Learn / Evidence
Learn to check the public record yourself.
Evidence is not something you are handed. It is something you verify. This wing teaches one skill: how to take a claim, find its source, and decide for yourself whether the two agree. We hold our own work to the same test.
The investigation
The Big Tech accountability series.
A twelve-part investigation into how value gets pulled away from the people who make it, published across six languages. It reads as a story, but it is built like a case file: each claim sits next to the document it came from.
Twelve parts
Six languages
Sources first
We name extraction plainly. What is manufactured can be dismantled, and the first step is seeing it clearly.
The Evidence Explorer
A trail you can walk on your own.
The Evidence Explorer is the open companion to the series. It gathers the sources in one place so you do not have to take our reading on faith.

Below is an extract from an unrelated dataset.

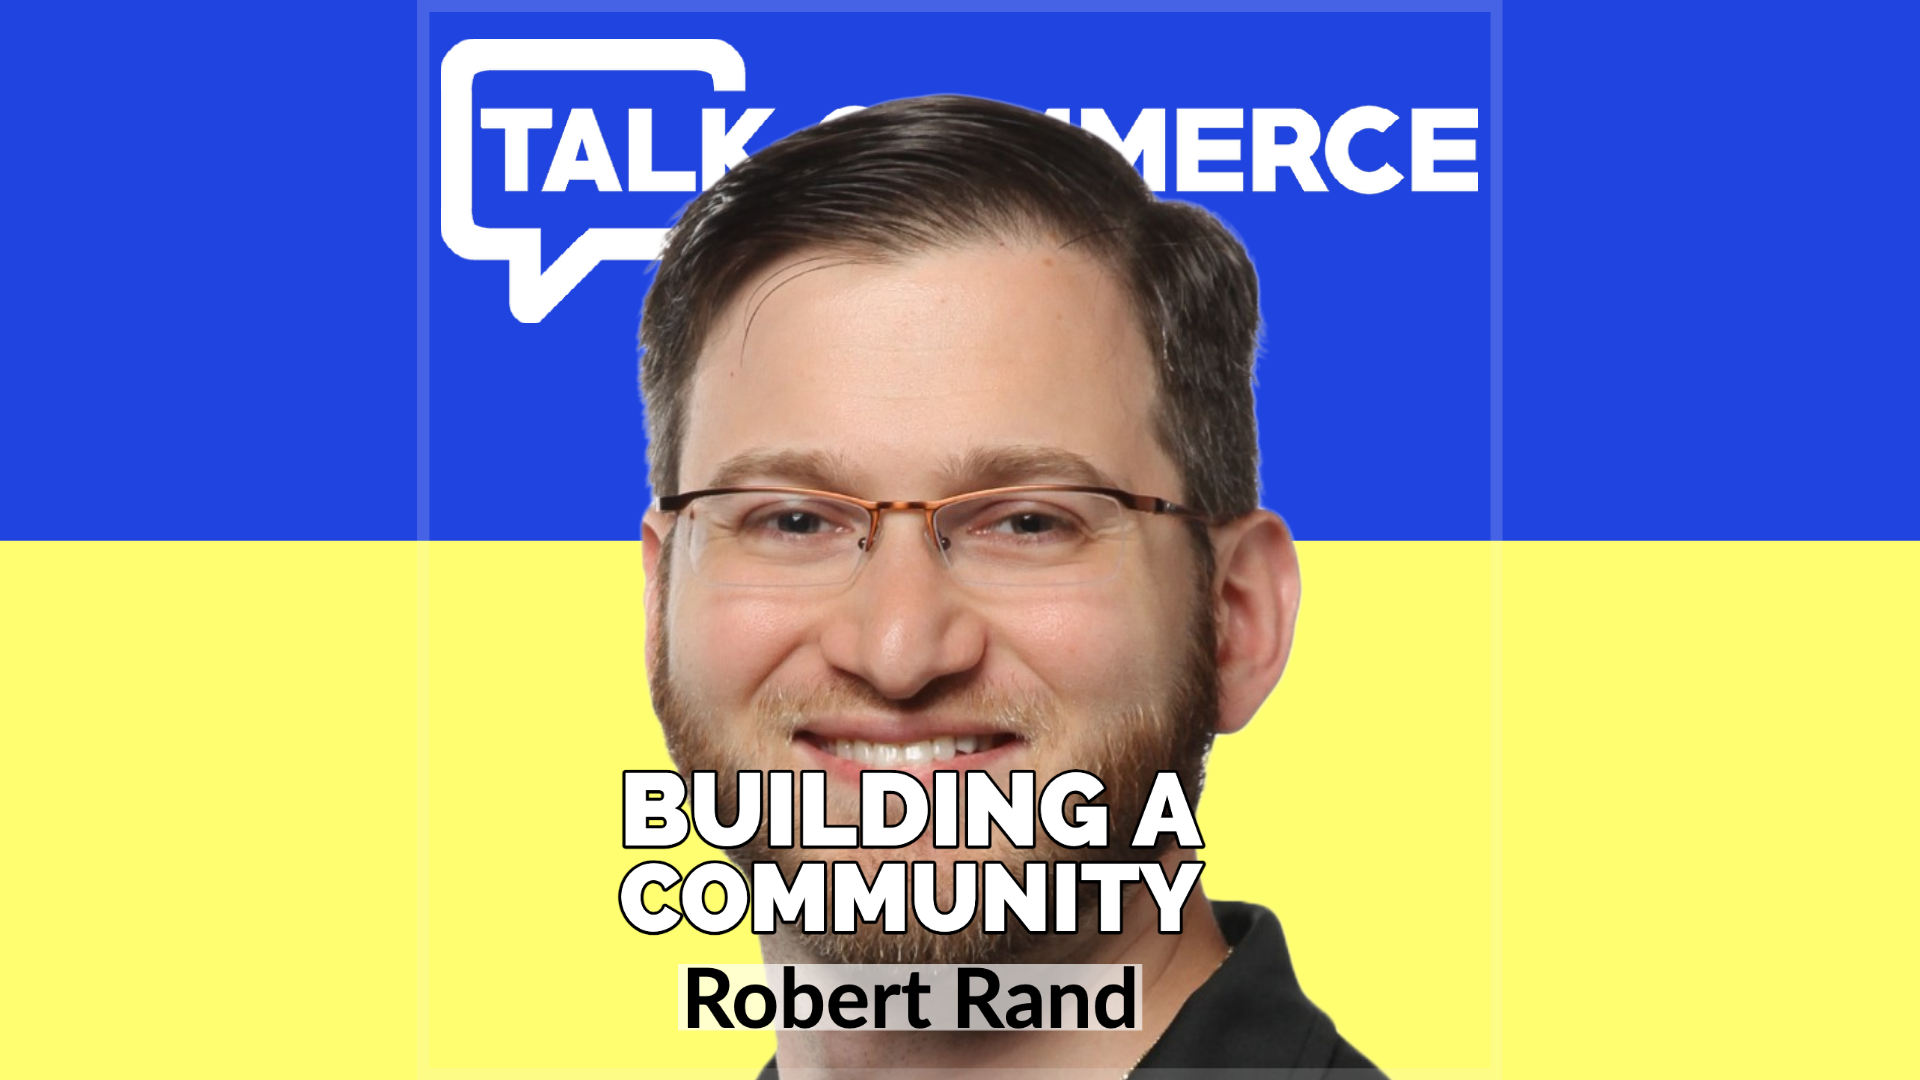 Talk-Commerce Robert Rand Community

Follow a claim to its document, read the document, and judge the claim against it. When a claim does not hold, you should be able to find that out faster than we can hide it.
How to check
Three steps, and they work on anyone.
This is the method behind the series, written plainly so you can use it everywhere, including here.
- 01
Start with a claim
Pick one statement you want to test. Not the headline, the specific thing. A number, a date, a quote, a decision. - 02
Open the source
Follow it back to where it came from: the filing, the transcript, the public document. The Evidence Explorer holds the trail in one place. - 03
Read it yourself
Decide whether the source says what the claim says. If it does not, the claim fails. That is the whole test, and it works on us too.
The same test runs on us. Every funded engagement sends $200 outward, and you can read the receipt rather than trust the claim.